--- RECORD EXTRACTS ---

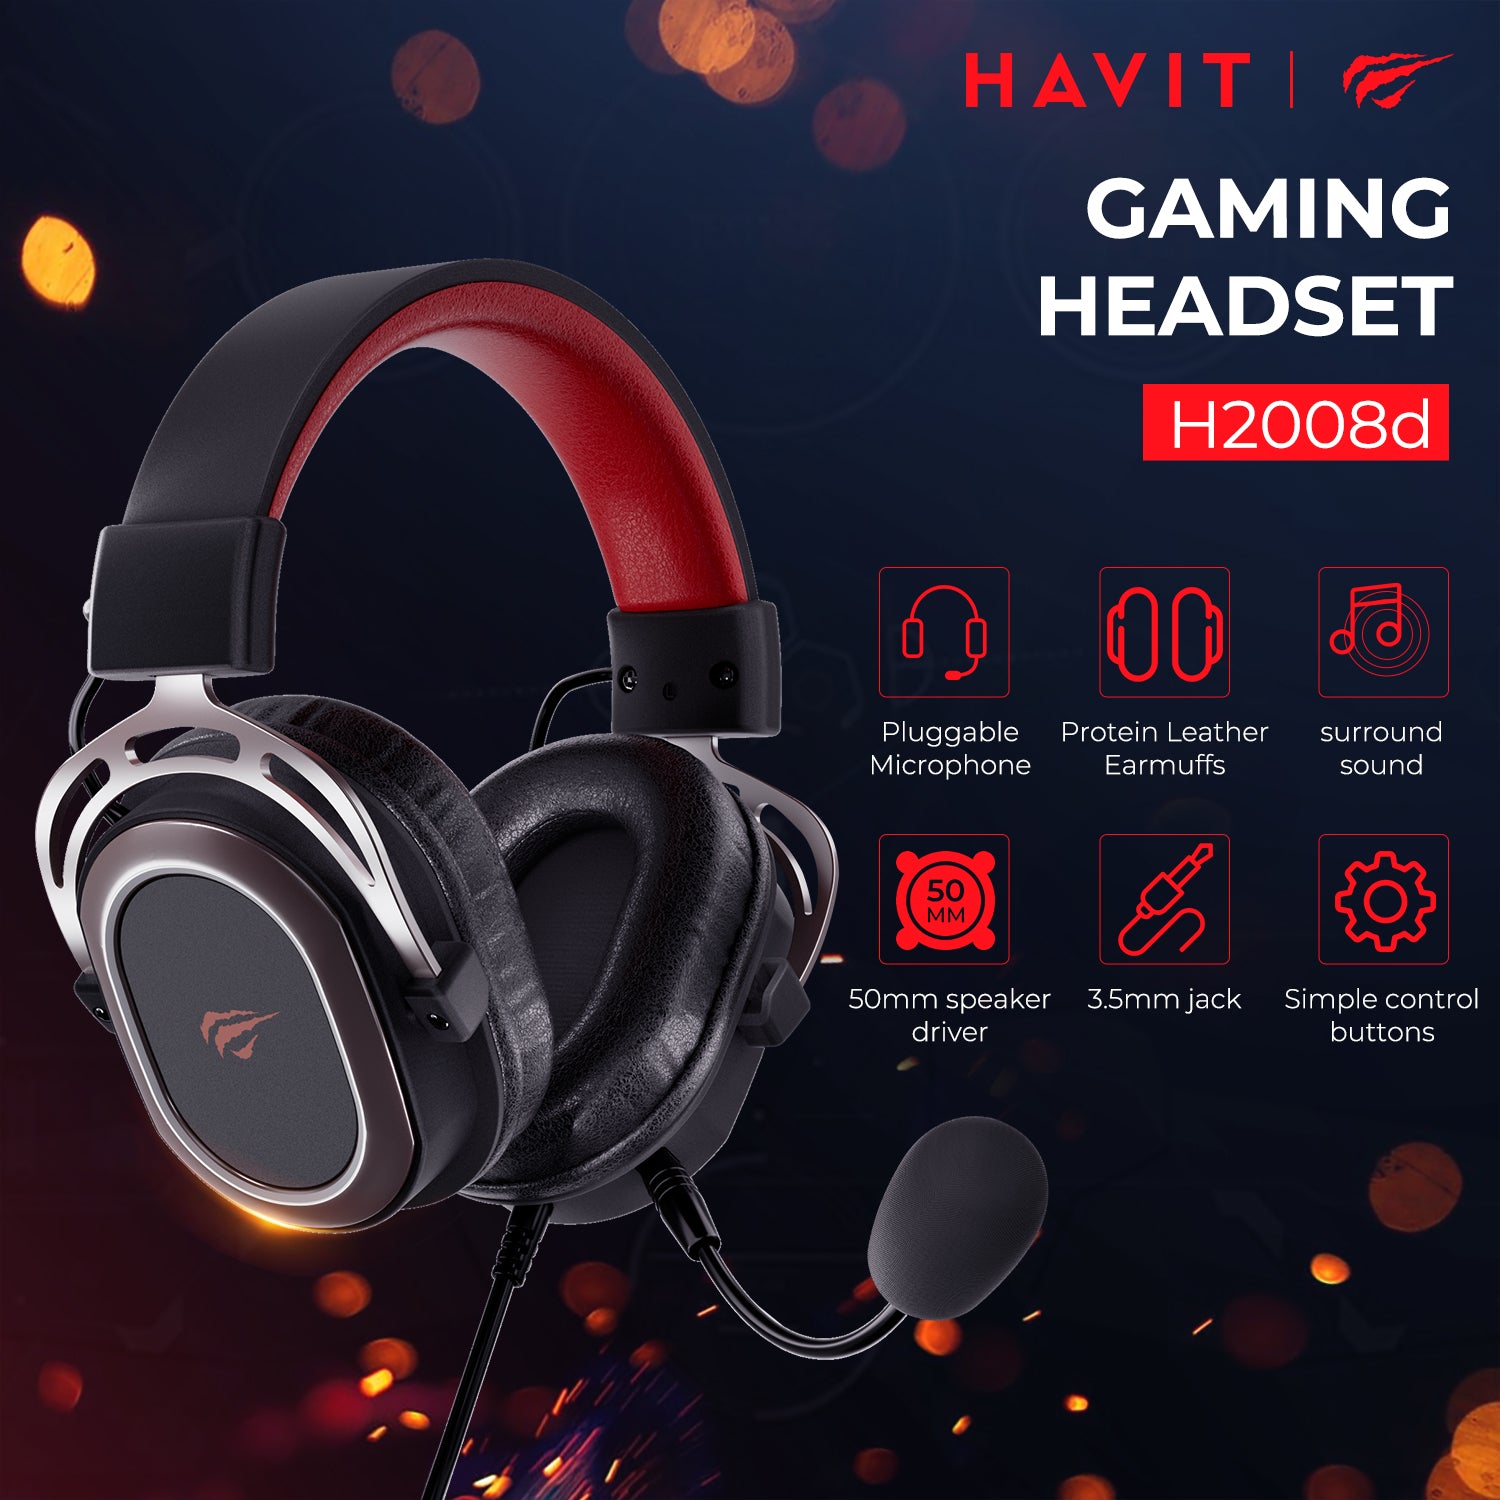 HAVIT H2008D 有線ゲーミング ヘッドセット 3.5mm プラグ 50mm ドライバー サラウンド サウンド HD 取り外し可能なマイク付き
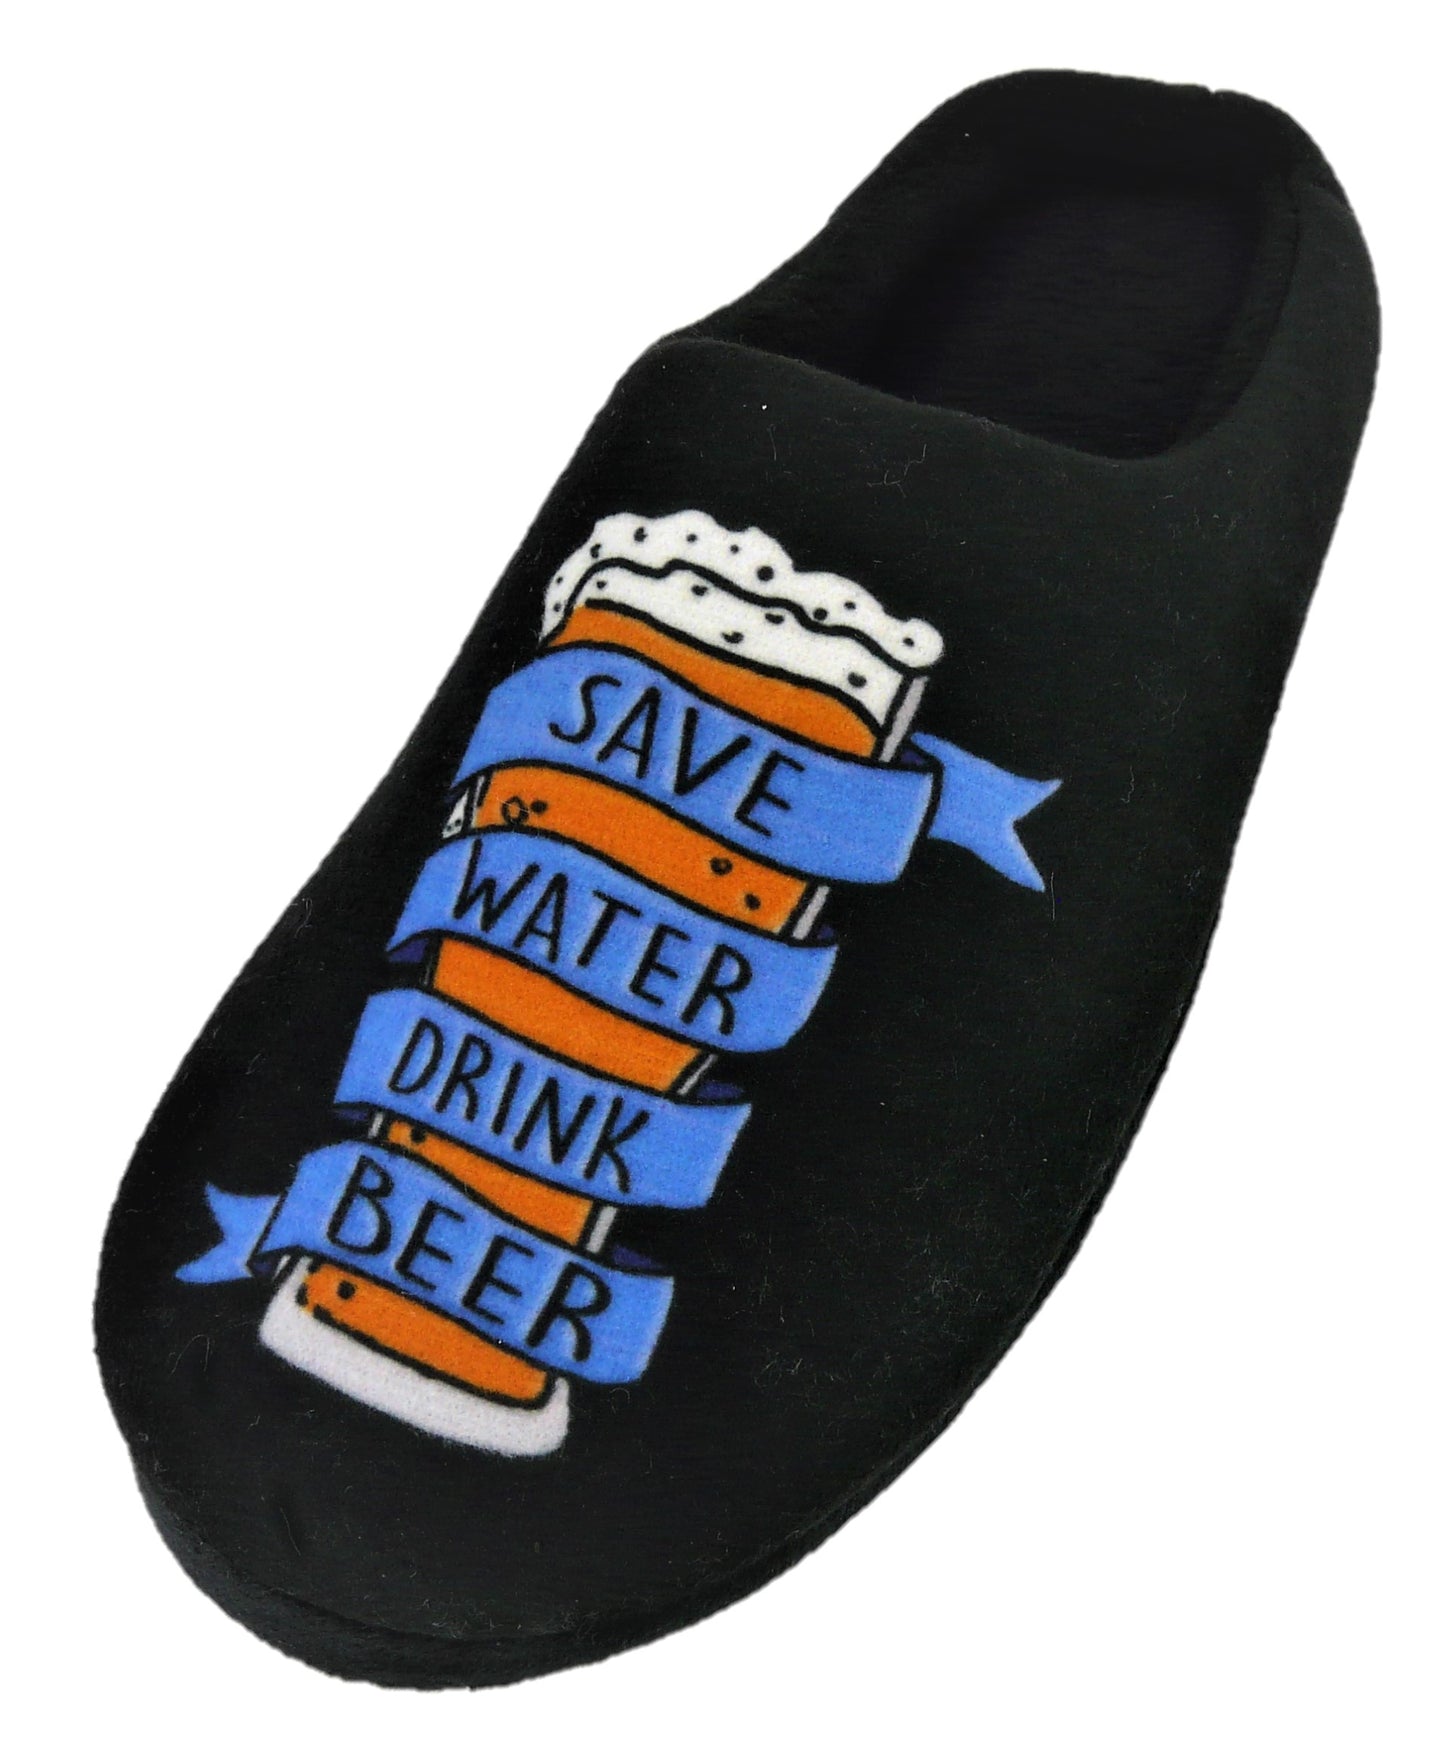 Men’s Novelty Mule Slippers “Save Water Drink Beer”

---
--- RECORD EXTRACTS ---

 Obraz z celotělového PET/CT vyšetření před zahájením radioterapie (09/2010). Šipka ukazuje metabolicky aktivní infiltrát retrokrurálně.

---
--- RECORD EXTRACTS ---

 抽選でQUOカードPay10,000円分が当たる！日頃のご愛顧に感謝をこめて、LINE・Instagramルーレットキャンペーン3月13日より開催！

---

EXERCISE PROMPT
In the data above, retype only the stretch from the line with "HAVIT H2008D 有線ゲーミング" through the line with "Men’s Novelty Mule", word for word, and skip any pictures.

EXERCISE RESULT
 HAVIT H2008D 有線ゲーミング ヘッドセット 3.5mm プラグ 50mm ドライバー サラウンド サウンド HD 取り外し可能なマイク付き
 Men’s Novelty Mule Slippers “Save Water Drink Beer”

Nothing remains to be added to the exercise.